## Collected material

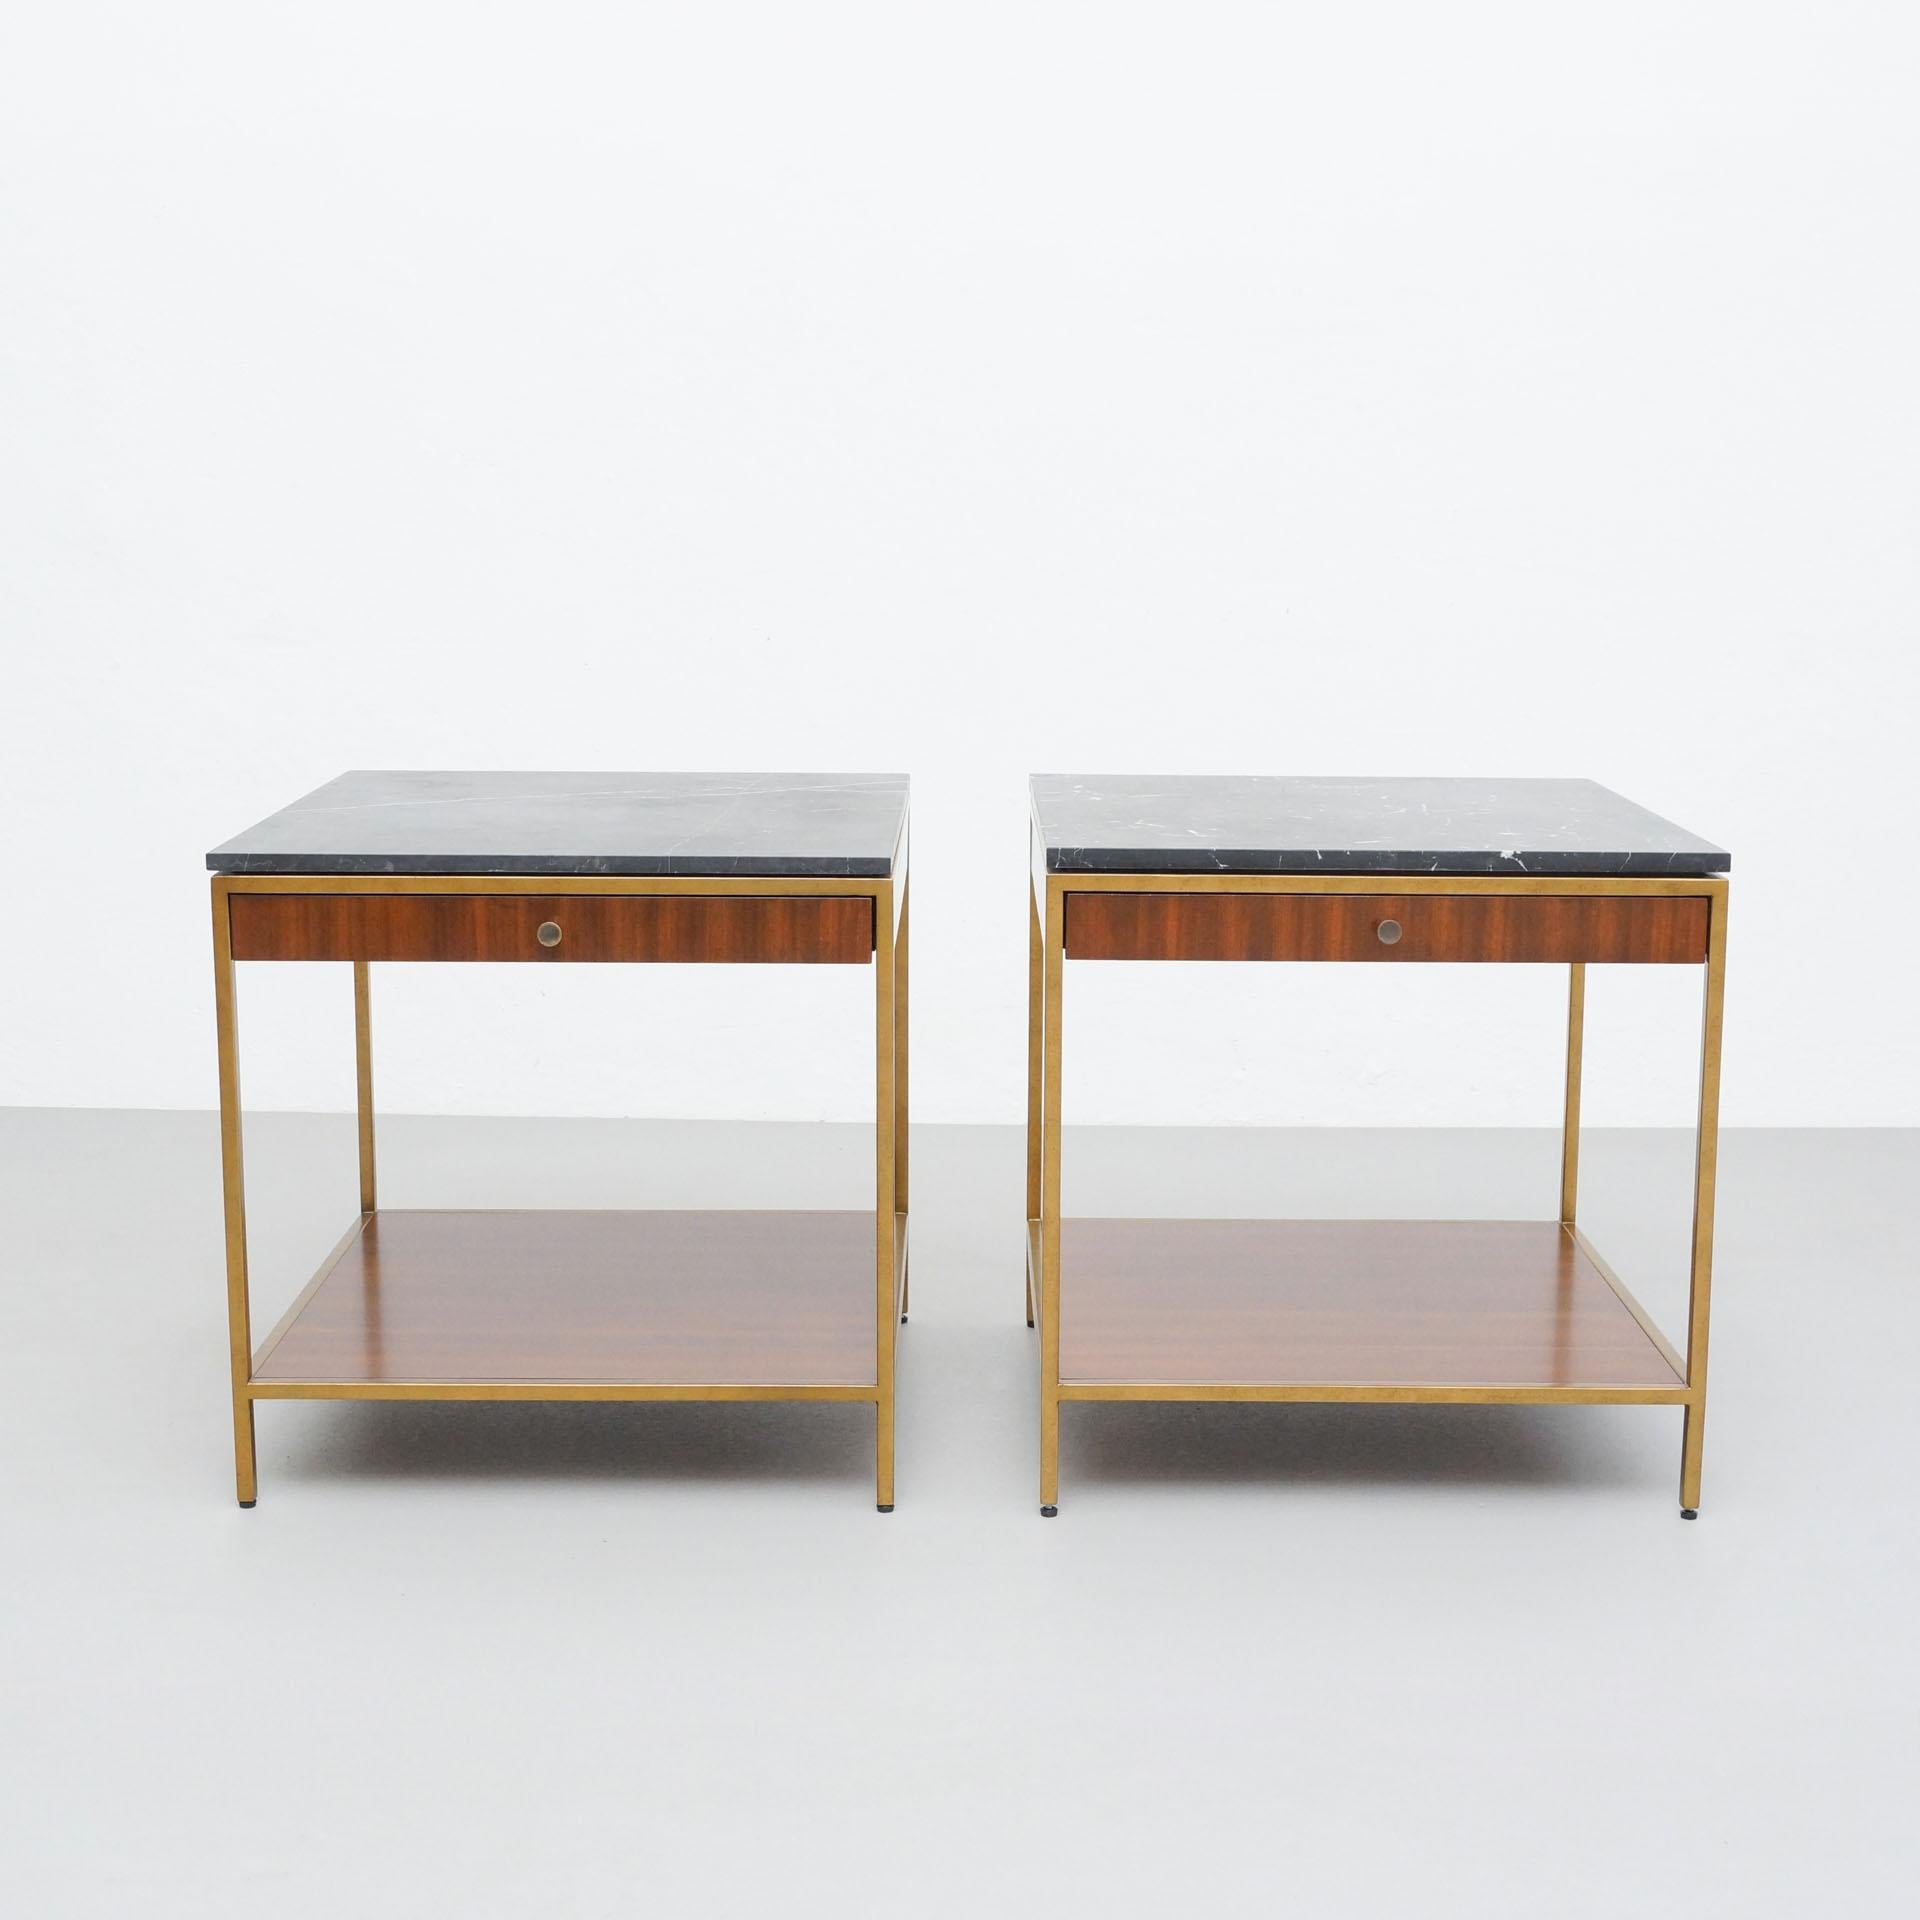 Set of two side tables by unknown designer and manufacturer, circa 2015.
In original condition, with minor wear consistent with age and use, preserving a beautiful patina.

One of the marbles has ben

## Work item
Retype the listing above exactly, please. Pictures do not belong in the copy.

## Completed task
 Set of two side tables by unknown designer and manufacturer, circa 2015.
In original condition, with minor wear consistent with age and use, preserving a beautiful patina.

One of the marbles has ben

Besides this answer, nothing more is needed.